Scientific classification
- Kingdom: Animalia
- Phylum: Chordata
- Class: Aves
- Order: Passeriformes
- Family: Aegithalidae
- Genus: Aegithalos
- Species: A. iouschistos
- Binomial name: Aegithalos iouschistos (Blyth, 1845)

= Black-browed bushtit =

- Genus: Aegithalos
- Species: iouschistos
- Authority: (Blyth, 1845)
- Conservation status: LC

Species of bird

The black-browed bushtit (Aegithalos iouschistos), also known as the black-browed tit or rufous-fronted bushtit, is a species of bird in the family Aegithalidae. It is found in mid-southern China and sporadically in Myanmar. Its natural habitats are boreal forests and temperate forests. The subspecies A. b. sharpei (Burmese tit) of western Burma and A. i. bonvaloti of southern China have sometimes been treated as separate species.

==Taxonomy==
The black-browed bushtit was formally described in 1845 by the English zoologist Edward Blyth based on a specimen collected in Bengal. He coined the binomial name Parus iouschistos. The specific epithet combines the Ancient Greek ιοεις/ioeis meaning "dark" with Late Latin schistus meaning "slate". The black-browed bushtit is now one of eight species placed in the genus Aegithalos that was introduced in 1804 by the French naturalist Johann Hermann.

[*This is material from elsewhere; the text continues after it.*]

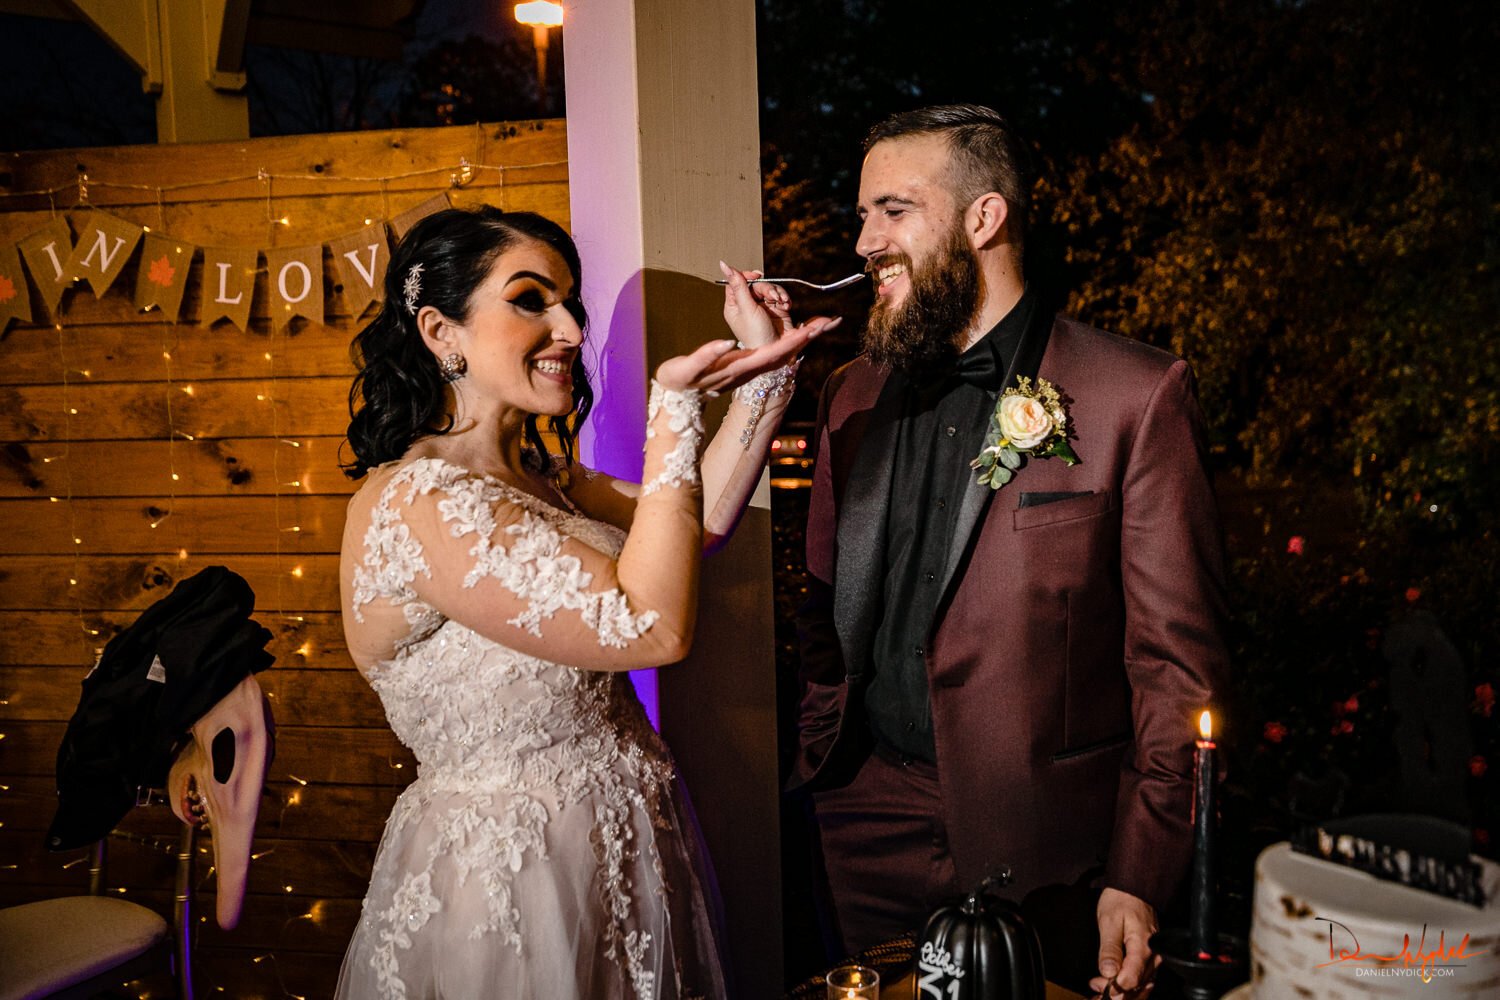 nj pinup goth bride feeding groom cake  at halloween wedding

Four subspecies are recognised:
- Aegithalos iouschistos iouschistos (Blyth, E, 1845), the rufous-fronted bushtit – Himalayas (Nepal to northern India and southeastern Tibet)
- Aegithalos iouschistos bonvaloti (Oustalet, J-FÉ, 1892) – southern China (southeastern Tibet to Sichuan and Yunnan) and northeastern Myanmar
- Aegithalos iouschistos obscuratus (Mayr, E, 1940) – mountains of western China (Sungpan region of northeastern Sichuan)
- Aegithalos iouschistos sharpei (Rippon, G, 1904), the Burmese bushtit – montane forest of southwestern Myanmar (Mount Victoria)

The subspecies A. i. bonvaloti and A. i. sharpei have sometimes been considered as separate species, but the genetic differences are relatively small.

==Description==
It is a small, long-tailed bird, 11–12 cm long. It has grey upperparts, rufous breast and flanks and a white belly. The head is buff with a broad black mask, white forehead and a white bib, speckled black in the centre. The subspecies A. b. sharpei has white rather than buff on the head, a dark breastband and a buff belly.